3 Black Friends Found Dead in Mexico Airbnb; Autopsy Cites Carbon Monoxide Poisoning

3 Black Friends Found Dead in Mexico Airbnb; Autopsy Cites Carbon Monoxide Poisoning

Three American friends found dead last week at their Mexico City Airbnb, were likely killed by carbon monoxide poisoning, according to autopsy reports.

Bloomberg reported Wednesday that security guards at the complex in the La Rosita neighborhood mentioned the smell of gas to officials after the bodies of two men and one woman were discovered on Sunday, Oct. 30.

The travelers have since been identified as Virginia entrepreneur Kandace Florence, 28; Virginia educator Jordan Marshall, 28; and New Orleans teacher, Courtez Hall, 33. The trio were vacationing in Mexico‘s capital city for “Día de Los Muertos,” a Mexican holiday celebrated on November 1 and 2.

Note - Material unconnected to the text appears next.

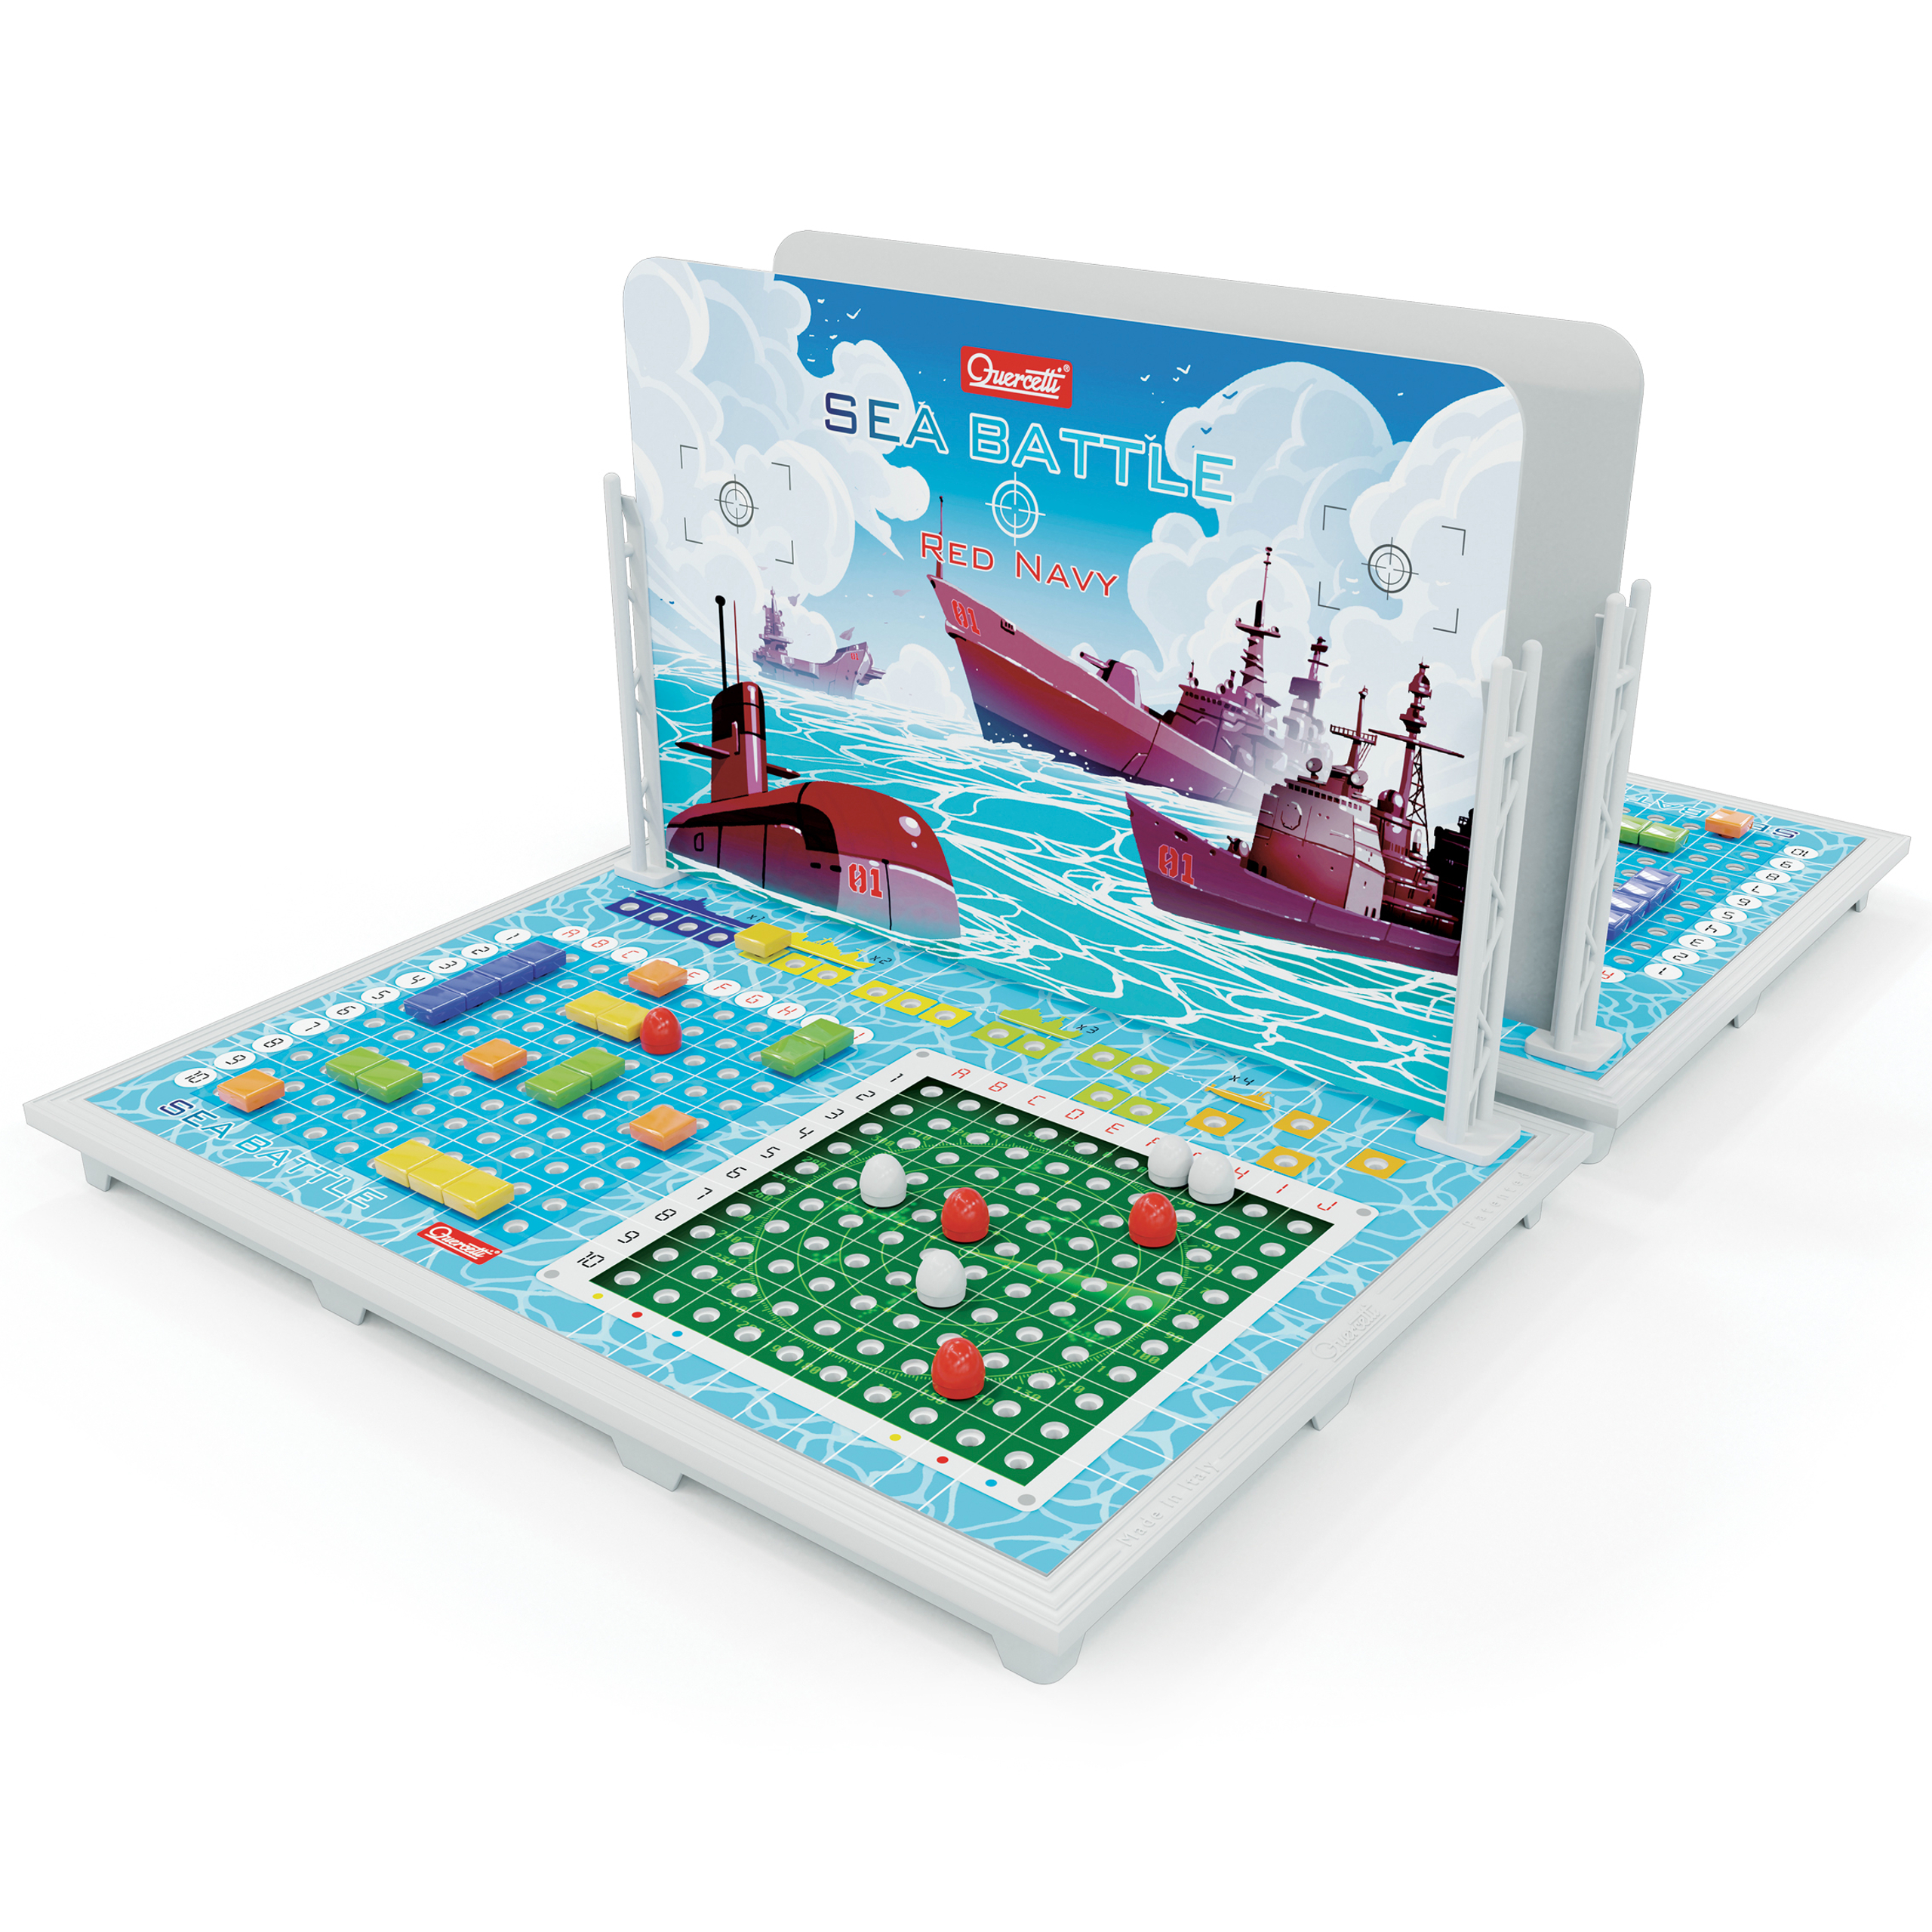 Kids puzzles quercetti game sea battle

The autopsy reports cited carbon monoxide poisoning as the possible cause of death, per Bloomberg, though a further investigation is underway.

“We can confirm the death of three U.S. citizens in Mexico. We are closely monitoring local authorities’ investigation into the cause of death,” a statement from a spokesperson with the U.S.Department of State read, per WTKR.

On October 30, Florence told her boyfriend over the phone that she was feeling ill, Norfolk, Virginia-based news station Wavy.com reported Tuesday. She told him something was off before the were disconnected. After failed attempts to get a hold of her, Florence’s boyfriend contacted the Airbnb host to check on the three tourists. Local authorities arrived and found Florence, Marshall, and Hall dead.

Before the release of the autopsy, the travelers’ families had been in touch with the U.S. Embassy in Mexico and traveled to Mexico City. Marshall’s mother, Jennifer Marshall, said the families were not informed about how her son and his friends died, telling WTKR, “The Mexican police were not very forthcoming with information. Also, the language barrier was incredibly difficult as well.”

The Marshall family confirmed that Jennifer Marshall’s body was returned home.

Hall’s mother told New Orleans NBC affiliate WDSU that he was a social studies teacher at KIPP Memorial School in New Orleans. “It’s been so hard,” she said.

“We tried calling back over there for the funeral homes. Because of the language barrier and stuff you cannot get anything through or really understand.”

Florence’s mother described her daughter as a “dreamer” who started a candle-making business, Glo Through It, to empower others. Her family is planning to hold a candlelight vigil on Thursday, what would have been her 29th birthday.